Adding the initial column, per-column normalization, and final-column checksum (all of which touch only DP arrays) gives the earlier phase totals:

  • DP loads ≈ 73,945, scaffolding loads ≈ 68,800 → total ≈ 142,745
  • DP stores ≈ 3,328, scaffolding stores ≈ 68,800 → total ≈ 72,128

So the hand-count says that most loads are split roughly 50/50 between DP state and scaffolding, while almost all stores go into scaffolding arrays (mainly tran_prev, temp, and pointers). This matches the intuition that the DP state itself is relatively compact, and a large chunk of the memory traffic is due to how we implement the trellis mechanics in C rather than the bare Viterbi recurrence.

  • Notes:

    • The only intentional difference between the two builds is how log_em() computes dist * dist:
      • RV32I: GCC lowers the multiply to a call to __mulsi3, which is implemented here as a shift–add loop in C.
      • RV32IM: GCC emits a single mul instruction per call (plus surrounding code).
    • The delta between the two runs (now measured with -sw_threads=1) is:
      • Δinst ≈ 1.58×10^5 fewer instructions when using hardware mul
      • Δalu ≈ 1.23×10^5 fewer ALU-category ops
      • Δbranches ≈ 2.34×10^4 fewer branches
        Loads are identical across both builds, which is a useful sanity check that the DP structure and memory access pattern are unchanged. Stores differ slightly because of small scheduling/code-gen changes. The explicit add/mul counters show:
      • RV32I: add=215,546, mul=0 (all multiplies implemented in software via __mulsi3)
      • RV32IM: add=210,009, mul=1,664 (each trellis multiply maps to a single mul instruction)
    • This pair of runs serves as a small but realistic data point for “software vs hardware multiply” in an HMM-style basecalling kernel. Future experiments can scale M/N or modify the transition structure while reusing the same measurement setup.

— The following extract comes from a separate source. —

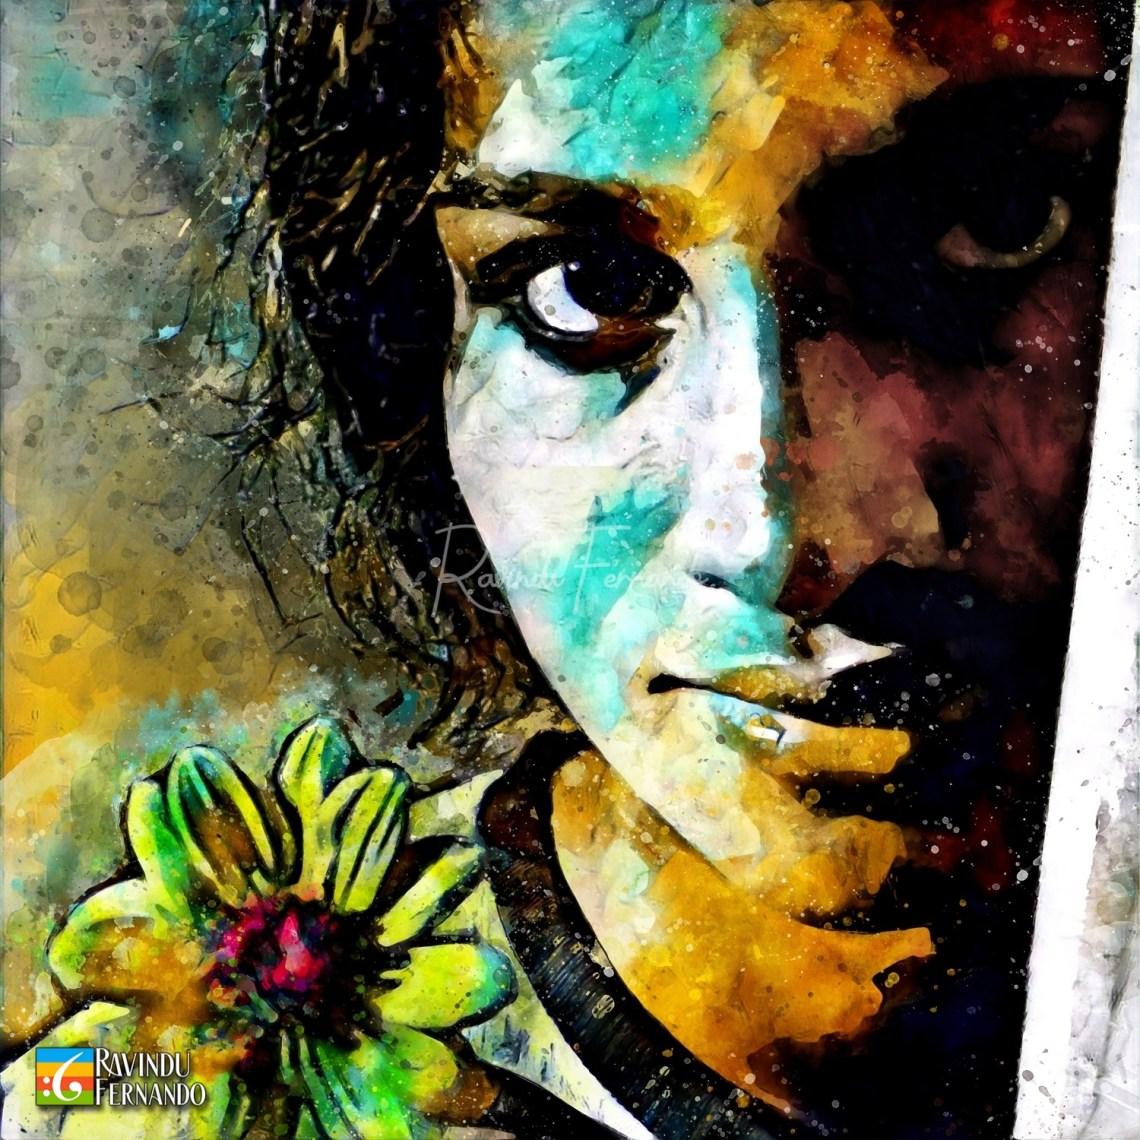 Swarna Mallawarachchi - Digital Watercolor Painting
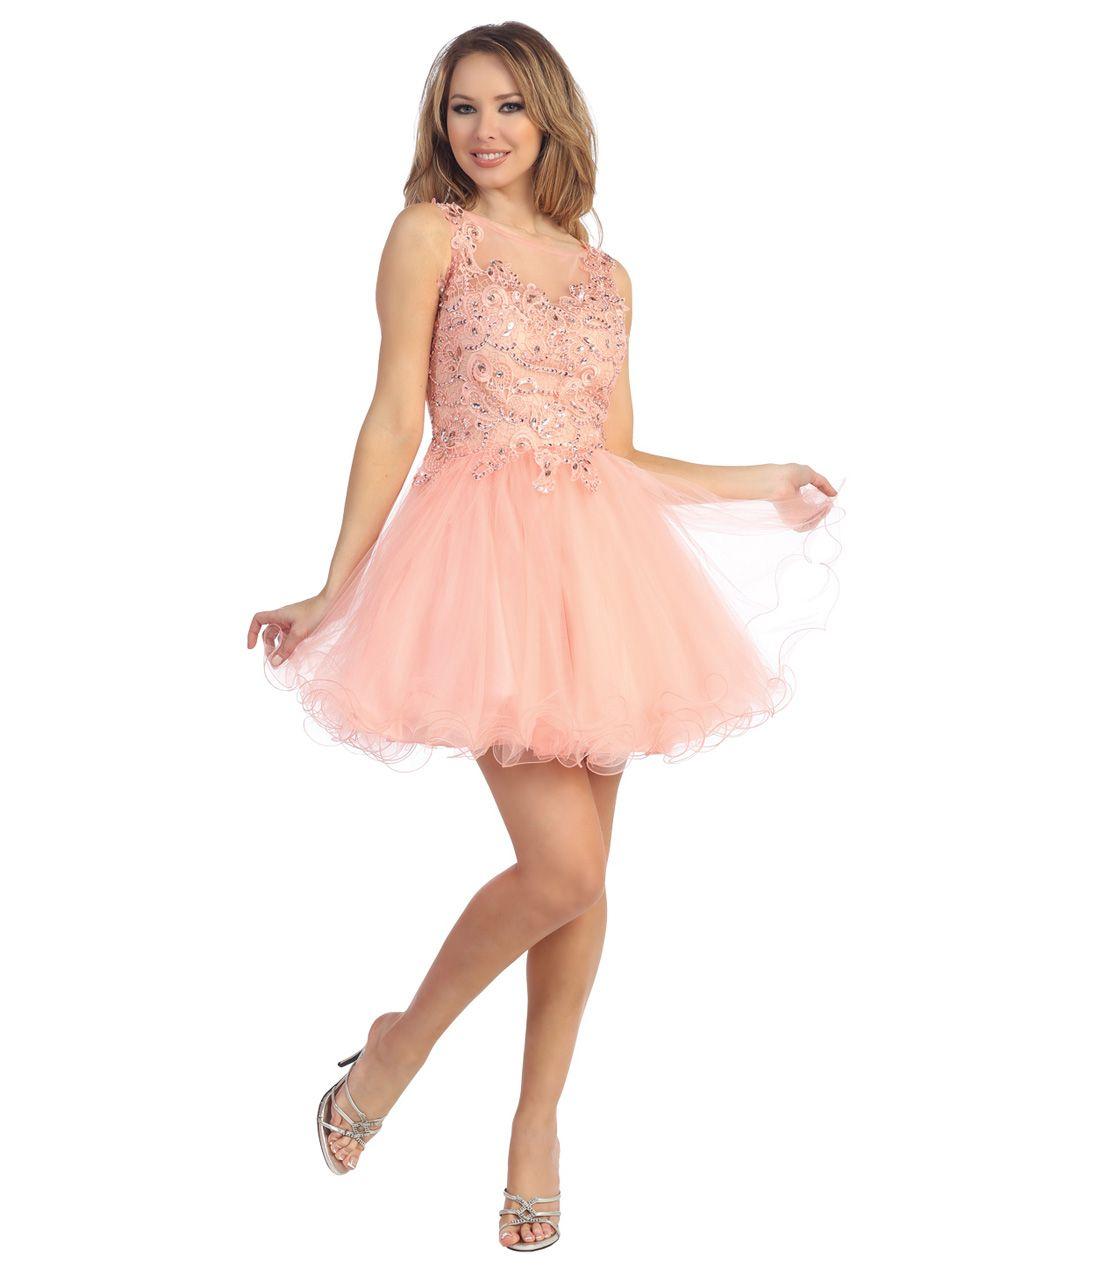 2014 Prom Dresses - Blush Peach Filigree Tulle Short Prom Dress ...

    • Back-of-the-envelope per-multiply cost:

      • Each trellis cell does one emission multiply: dist * dist.
      • There are N - 1 = 25 non-initial events, and M = 64 states, so:
        • ~25 × 64 = 1600 multiplies in the main loop.
        • Including a few extra multiplies (initial column, checksum, etc.), total multiplies ≈ 1664.
      • Using the measured deltas between RV32I (software mul) and RV32IM (hardware mul) runs:

        • Δinst ≈ 157,729 / 1664 ≈ 95 instructions per multiply
        • Δalu ≈ 122,612 / 1664 ≈ 74 ALU ops per multiply
        • Δbranches ≈ 23,352 / 1664 ≈ 14 branches per multiply

        • The measured mul=1664 in the RV32IM run matches the analytical estimate for trellis multiplies (one emission multiply per state/event, plus a small number of extras for initialization/checksum), which reinforces that this kernel is behaving as intended.
      • This is very much a back-of-the-envelope estimate:
        • The code evolved slightly between runs.
        • GCC may schedule or inline things differently across builds.
      • Still, it gives a good ballpark intuition: each software multiply was costing on the order of a few hundred instructions; with the M extension, each multiply collapses to a single mul plus minimal surrounding overhead.